Carina Stigter ist Notallkrankenschwester und kennt das Problem. Trotz aller Unterschiede hätten viele psychisch Erkrankte oft ein gemeinsames Problem: "Sie haben keine Lösung für ihre Situation und finden keine Hilfe im Umfeld."

Wenn sie dann von der Polizei abgeholt würden, vergrößere der Stress das Leiden dieser Menschen zusätzlich, sagt Stigter: "Die Polizei wird ausgebildet, um mit Kriminellen umzugehen. Sie stecken die kranken Menschen also in eine Zelle und behandeln sie wie Verdächtige."

Deshalb setzt sich Stigter für einen anderen Umgang mit potenziellen Patienten ein. Vor rund einem Jahr hat sie in Utrecht ein Programm gestartet, nach dem die Polizei zunächst das Krisenzentrum benachrichtigt, wenn Personen wegen möglicher psychischer Probleme auffällig werden. Im Juni verkündete die niederländische Gesundheitsministerin, dass bis Ende des Jahres in jeder Stadt ein ähnliches System aufgebaut werden soll.

Bilder von Krieg und Gewalt überfordern die Menschen

Neben den Versorgungsproblemen schließt Jacobine Geel von der Gesundheitsorganisation "GZZ" aber auch einen tatsächlichen Anstieg psychischer Erkrankungen nicht aus. Vor allem finanzielle Probleme könnten dazu beigetragen haben: "Die Finanzkrise hat für viele Individuen problematische Konsequenzen gehabt. Jetzt kommen diese Probleme langsam ans Licht. Stellen sie sich beispielsweise vor, in einer Partnerschaft mit Kindern verlieren plötzlich beide ihren Job. Stressanfällige Menschen können dann schnell im Eis versinken, wie wir auf Niederländisch sagen."

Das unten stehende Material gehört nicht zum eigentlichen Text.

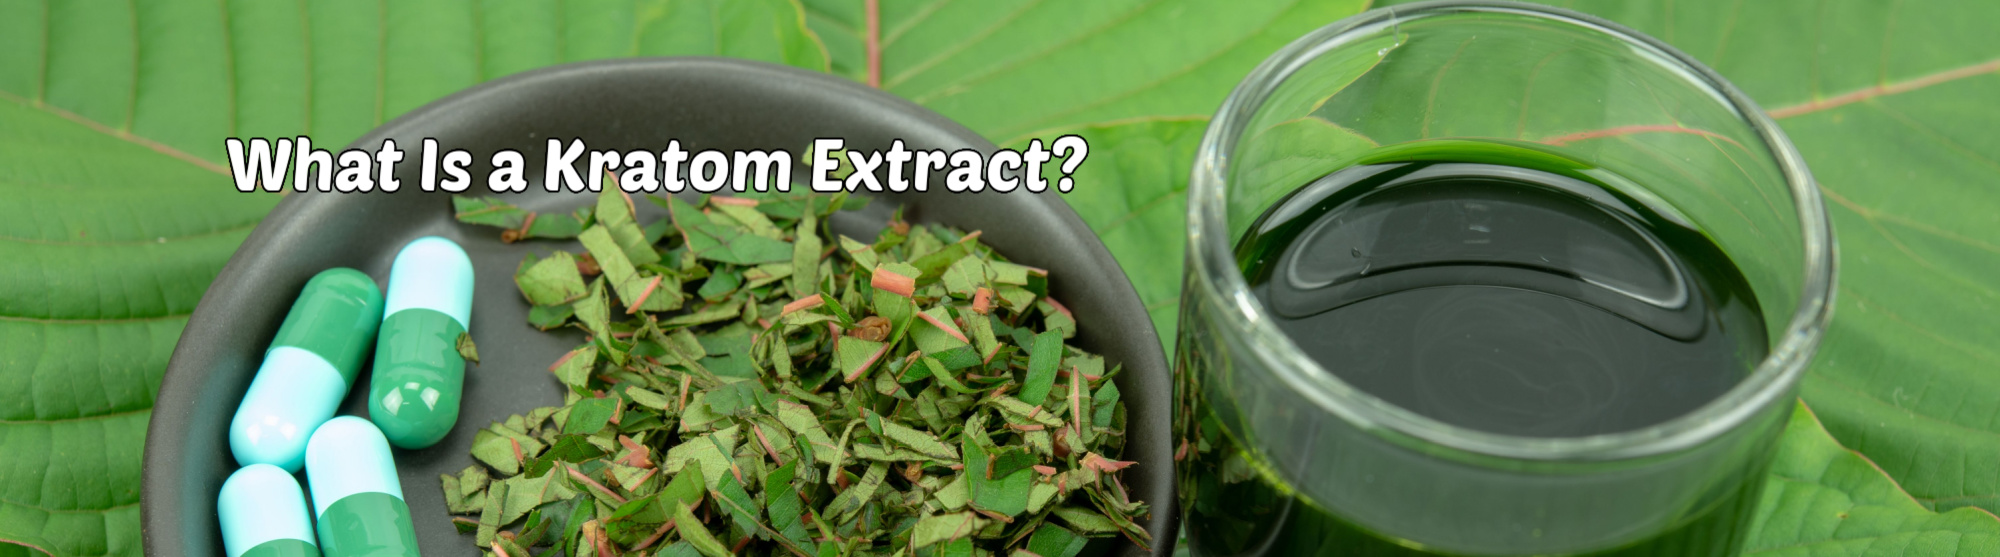 How to Make Kratom Extract

"Manche dieser Menschen", vermutet Geel, "brechen wahrscheinlich einfach unter dem Gewicht unserer sehr komplexen Gesellschaft zusammen." Auch die überall verbreiteten Bilder von Konflikten, Gewalt und Kriegen in TV und Internet trügen zu dem erhöhten Stresslevel bei. "Einige mögen bereits eine Historie psychischer Erkrankungen haben", sagt Geel. "Doch bevor wir nach Lösungen suchen, müssen uns über die Komplexität und die Vielfalt der psychischen Leiden dieser Gruppe bewusst werden."